Here, we can draw on the internet for wisdom to understand Sovacool’s position. ‘Your past informs, but does not define your future’.

A debate arose as how do you define an energy transition. With a key question of, ‘what percent of market share is a sustainable energy transition reached?’ Professors, Grubler, Wilson and Nemet objected to Sovacool’s quick transition concept as deviated from a more Economics and Innovation approach (I’m badly labeling here because it is not my discipline). Grubler et al., point out reaching a pre-specified market penetration threshold requires consistency in comparison. Instead of relying on the accepted “time it takes to move from 1% to 50% … is identical to the time required to grow from 10% to 90% market share.”[3] Which means this could take a very long time – of decades.
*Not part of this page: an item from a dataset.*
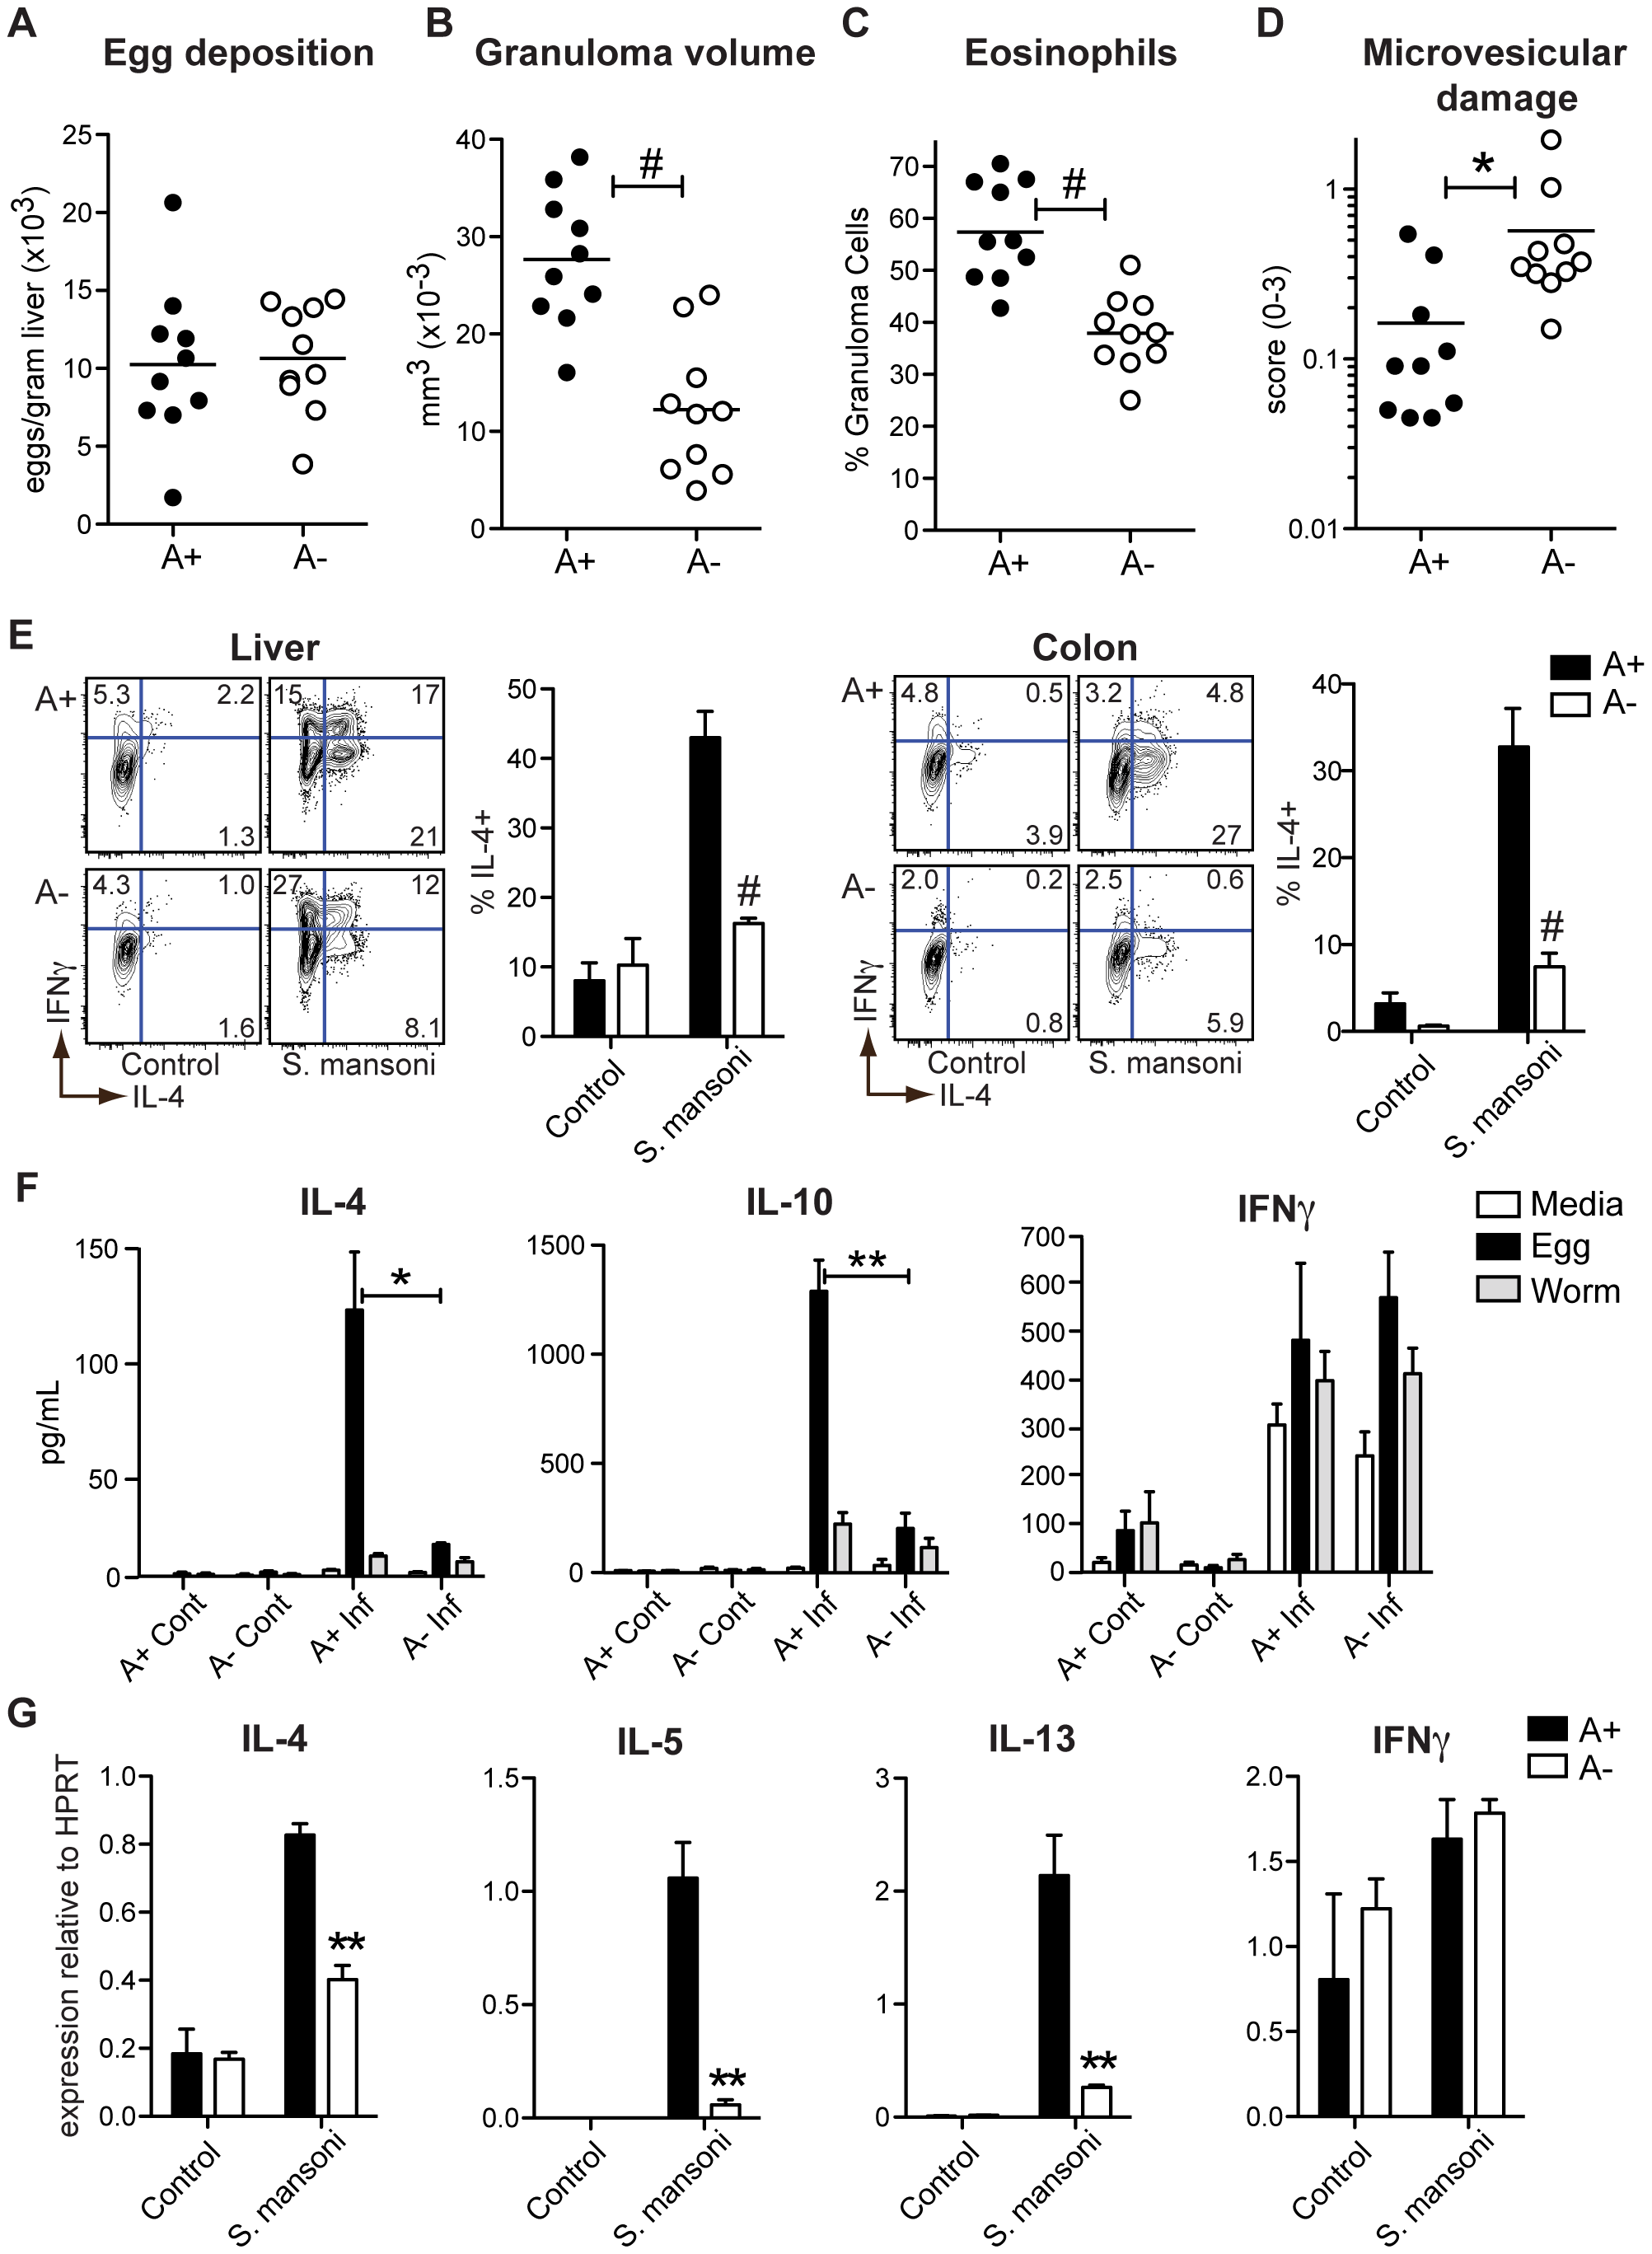 Vitamin A deficiency impairs <i>S. mansoni</i>-elicited Th2 responses.

So don’t get too excited about any change anytime soon, technology transitions take a long time, so we are not yet at a sustainable energy system.

To arrive at this longer transition phase, Grubler et al., deploy an economic logistic function with the ‘typically accepted’ S-curves to demonstrate how long it could take to reach 99% of market share. Sovacool, rather than going for 99% deployment, or even 50%, goes for a short 25% market dominance (?!) threshold, thereby shortening the time, and leading the opposing authors to label it an ‘apple-to-oranges’ comparison. In short, market share takes time to achieve and how it is accounted for it, influences your perspective to state when the transition is fully complete or how long it will take to get there. You can’t say a transition occurs when there is only 25% market share compared to 90%.

Or can you?

Depends on what you are counting? In a responding piece Sovacool and Geels[4] come back and say, yes, there’s apples and apples, and there are oranges and oranges. But more clearly, they’re talking about Idared apples  and Navel oranges’. While Grubler et all, are talking about just generic apples and generic oranges.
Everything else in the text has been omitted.